Subject: Re: [htdig3-dev] Redirects still counted as documents?
From: Gilles Detillieux (firstname.lastname@example.org)
Date: Thu Oct 26 2000 - 10:41:54 PDT
According to Patrick:
> Could someone give me a clue as to how to make sure that the
> document counter during a dig is not incremented when encountering
> a server redirect (HTTP code 301/302)? I'm in Retriever.cc
> and it looks like the total index size is incremented in
> the routine Retriever::Start(), but redirect handling is in the
> routine Retriever::parse_url, and I'm not certain as to how
> to make the total index size NOT increase by one in the first
> routine (by seeing that it's a redirect) or how to DECREMENT the
> total index size by one in the second routine.
I don't understand why you feel this is a problem. The way the
databases are structured, in both 3.1.x and 3.2.x (despite their profound
differences), you must have a unique document ID for each URL. Therefore,
because the redirect gives htdig a new URL, and the actual document
must be indexed using this URL, htdig must assign it a new document ID
and give it a separate record in the database.
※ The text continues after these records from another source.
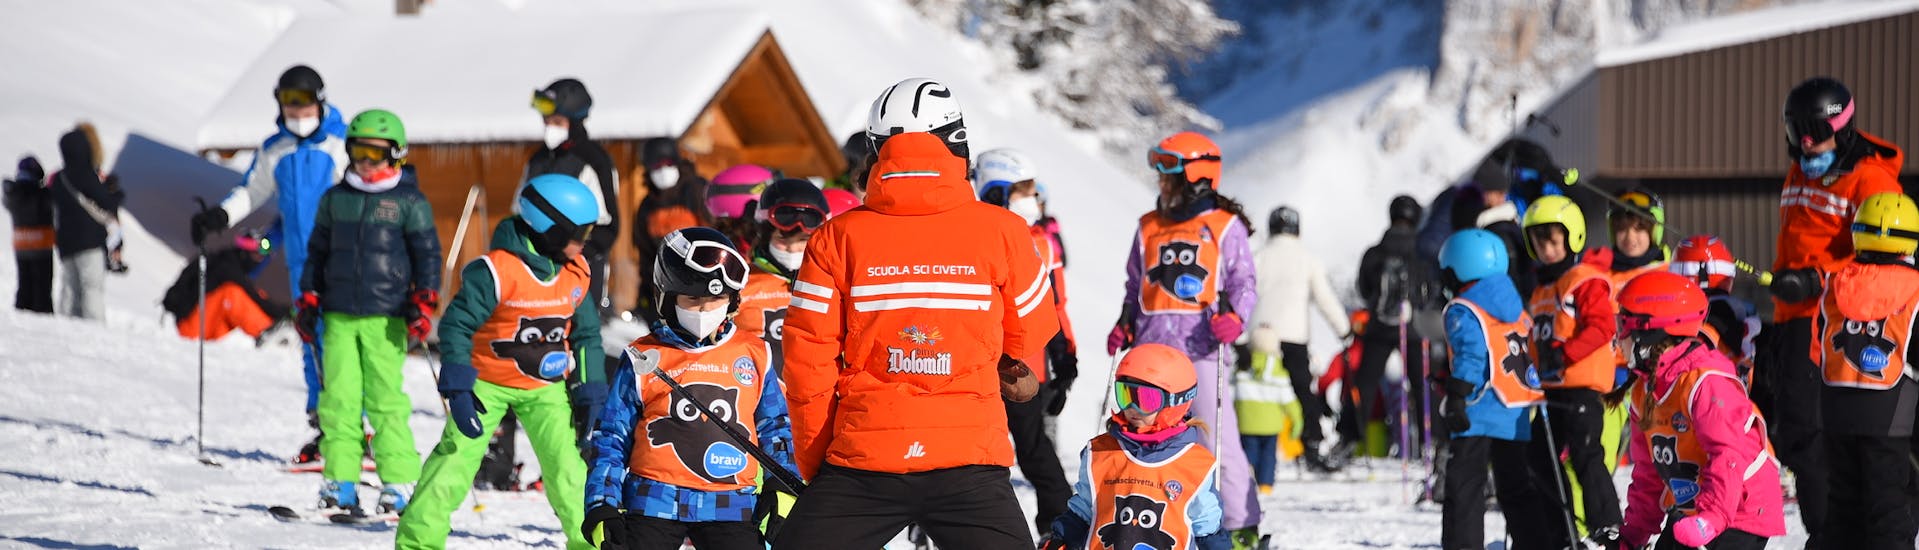 Dei bambini durante le Lezioni di sci per bambini (5-12 anni) per tutti i livelli con Scuola Sci Civetta - Val di Zoldo Pecol.
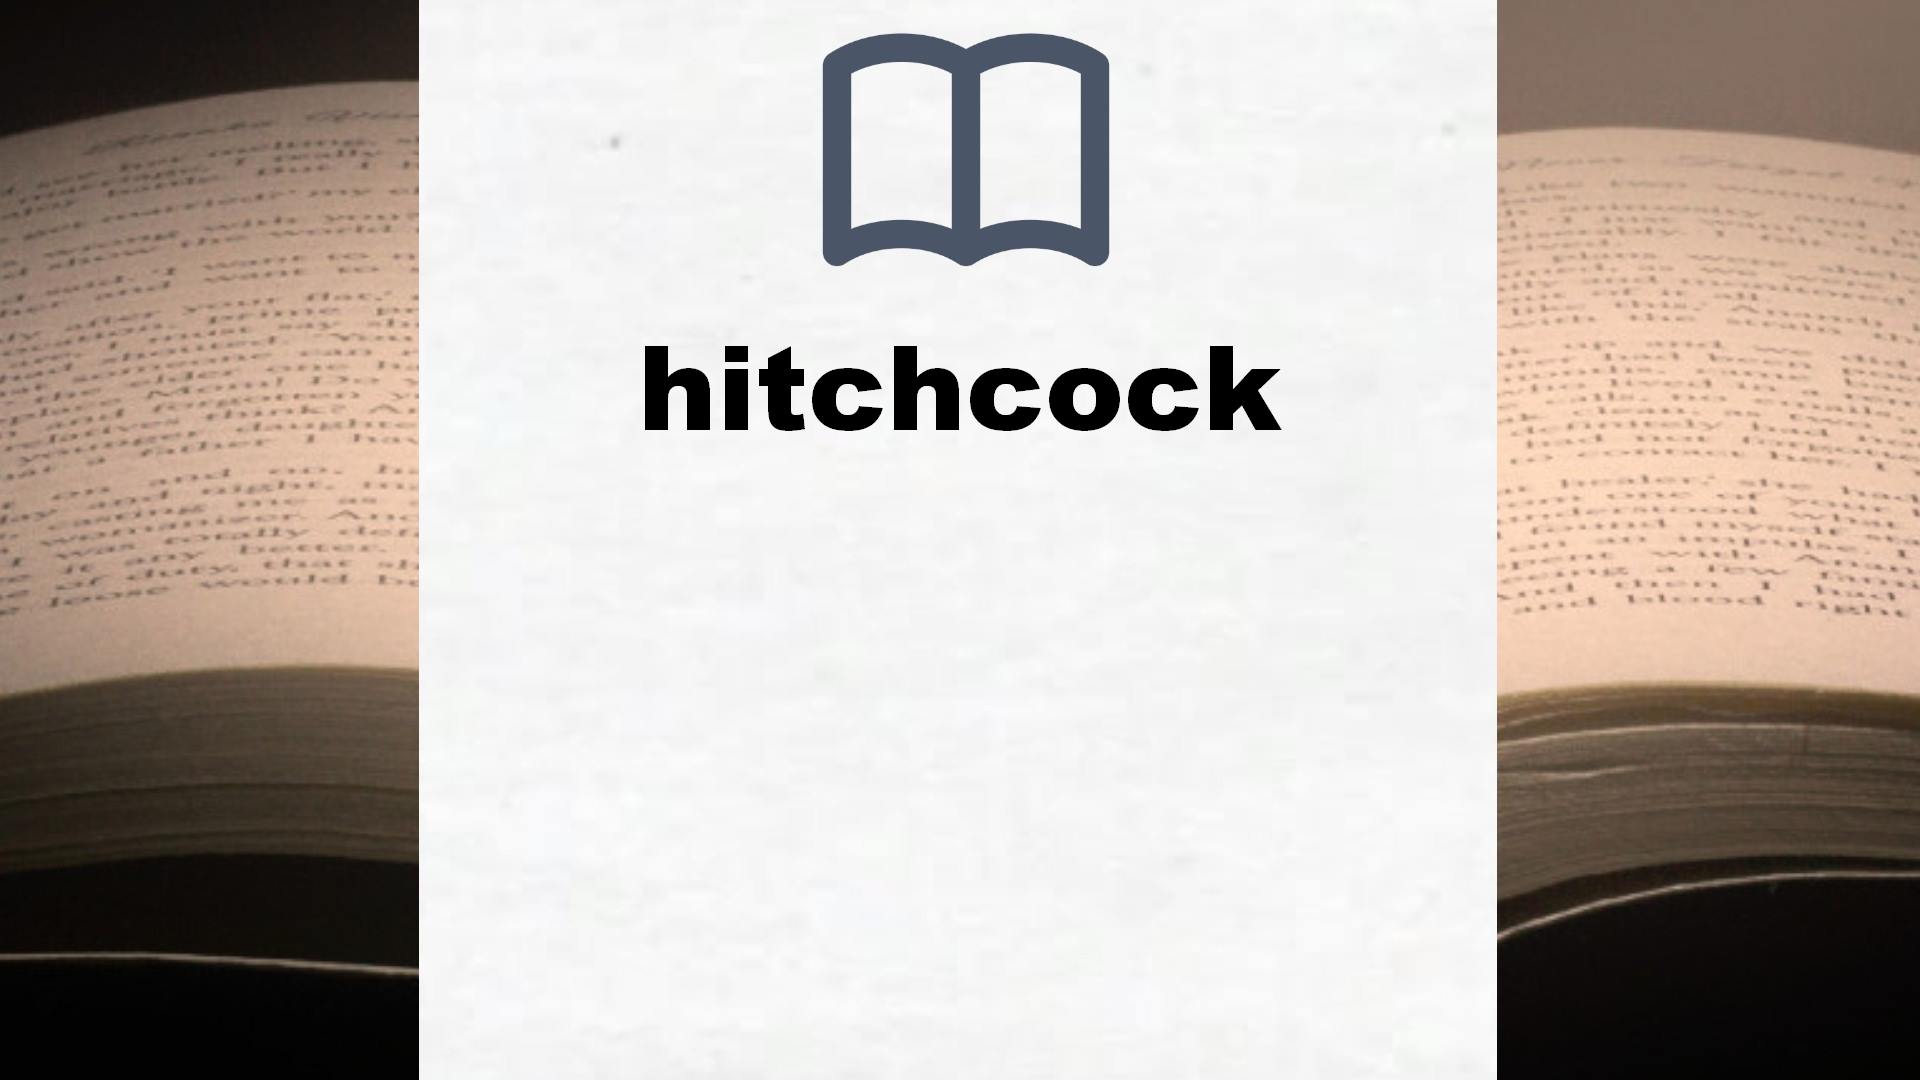 Libros sobre hitchcock
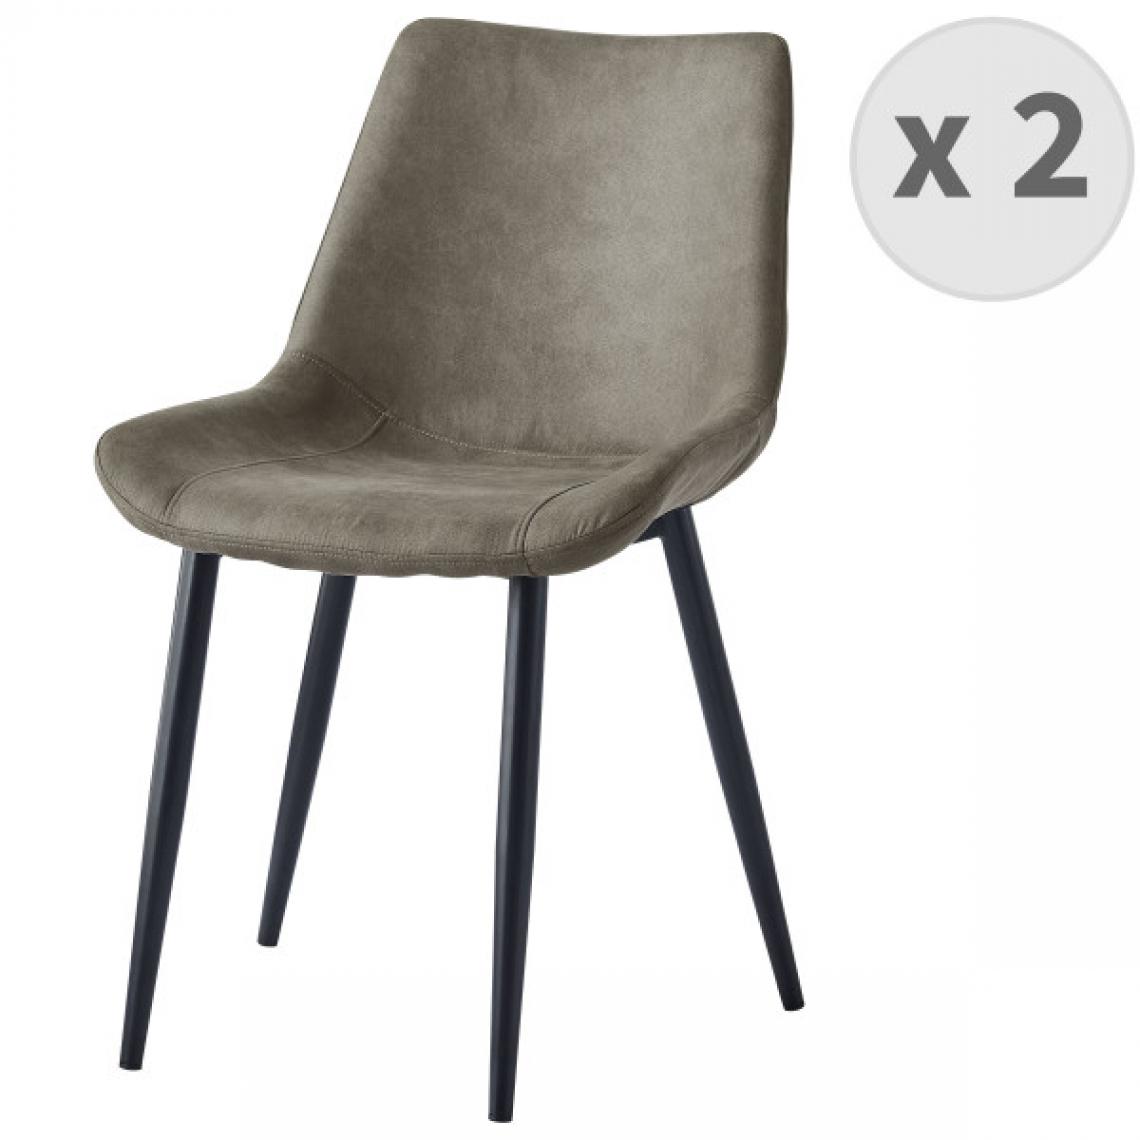 Moloo - BRISTOL-Chaise vintage mf vintage brun clair pieds métal noir (x2) - Chaises
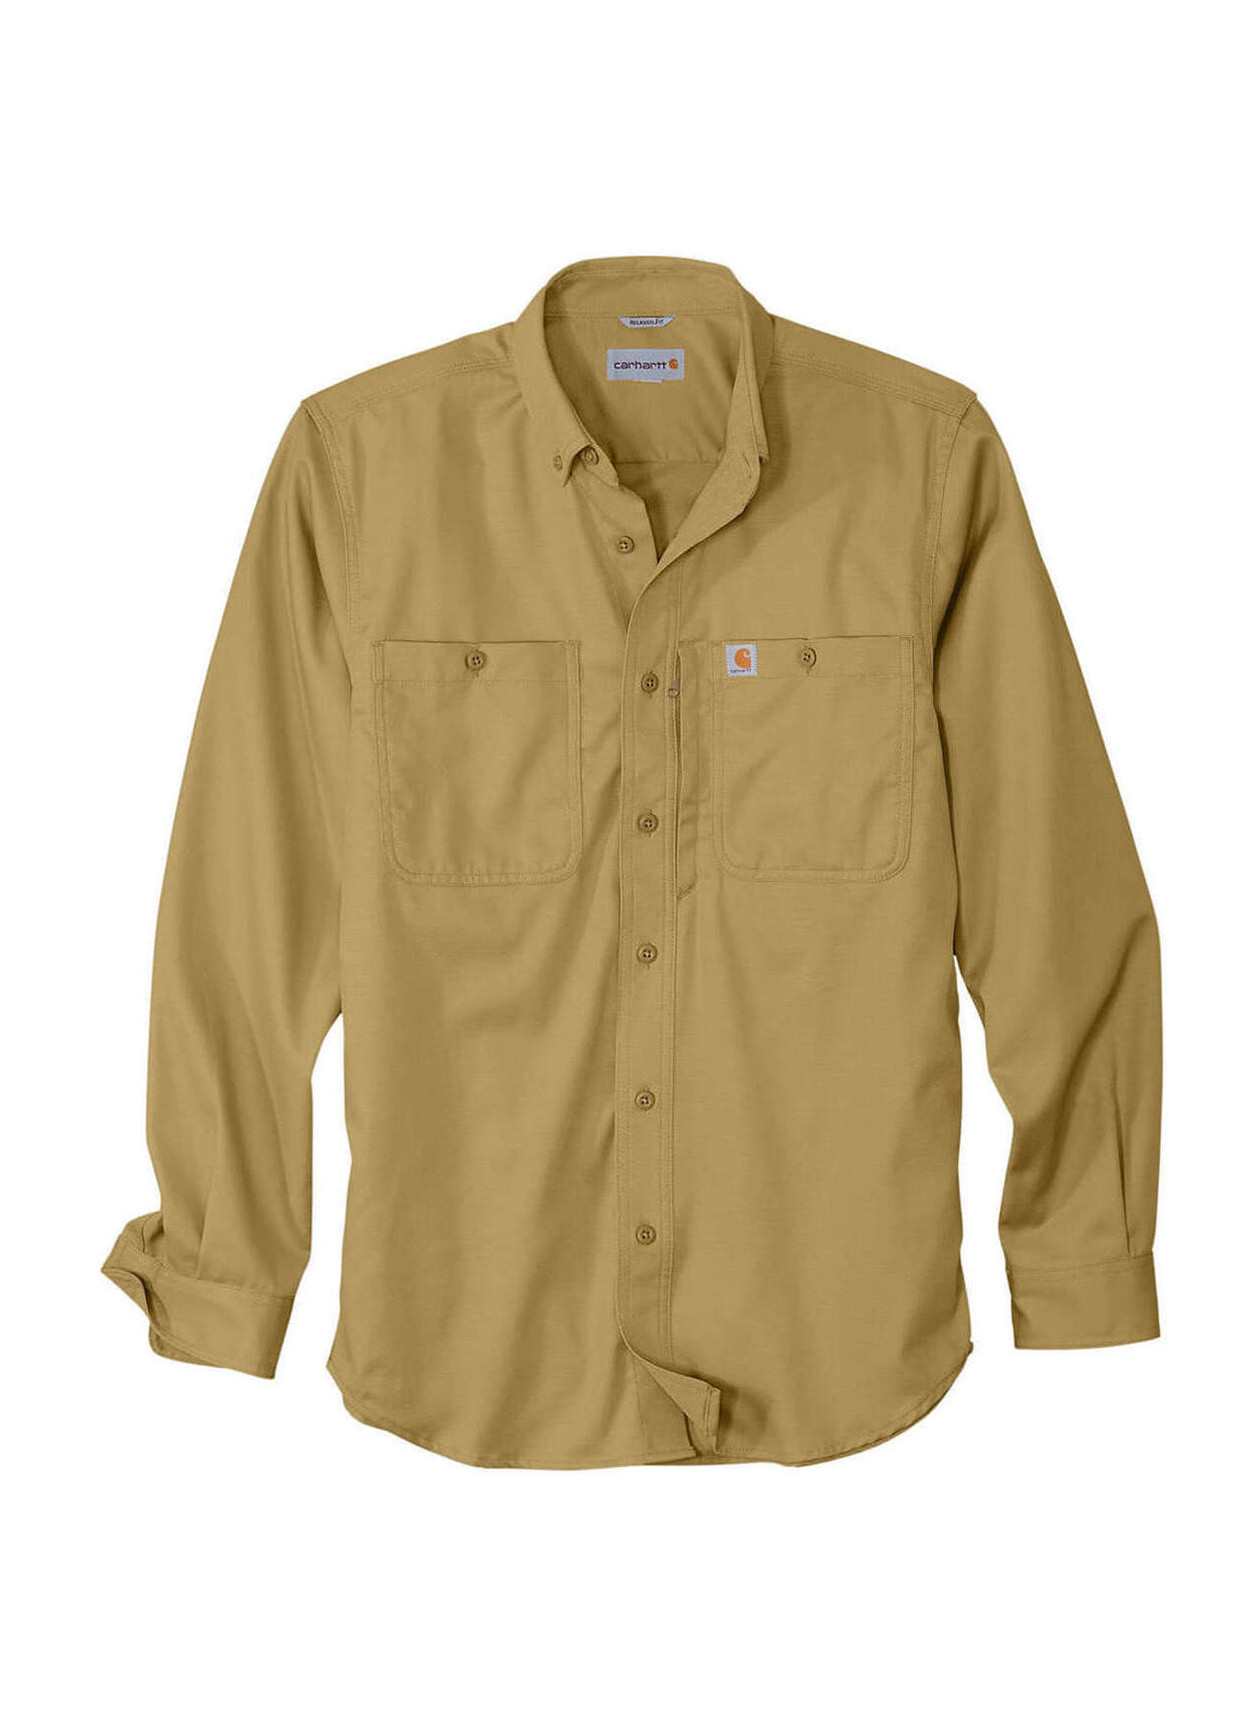 Carhartt Men's Long-Sleeve Rugged Flex Rigby Work Shirt, Navy

The old record for the
pre-redirect URL will get tossed out of the database by htmerge/htpurge,
and the total index size should be corrected at that point.
The only potential problem I can see in this method of doing things is
that some of the link description text can be lost. At the time the
redirect is encountered, htdig transfers all stored descriptions from the
record of the old URL to that of the new URL, but if it later encounters
links to the old URL, I think it will continue to append the new link
descriptions to the old record instead of the new. If this is the problem
you're trying to solve, then the solution might be to put a record of
the redirect in the old URL's DocumentRef record. I think trying to use
the same record for both the old and the new URL is asking for trouble.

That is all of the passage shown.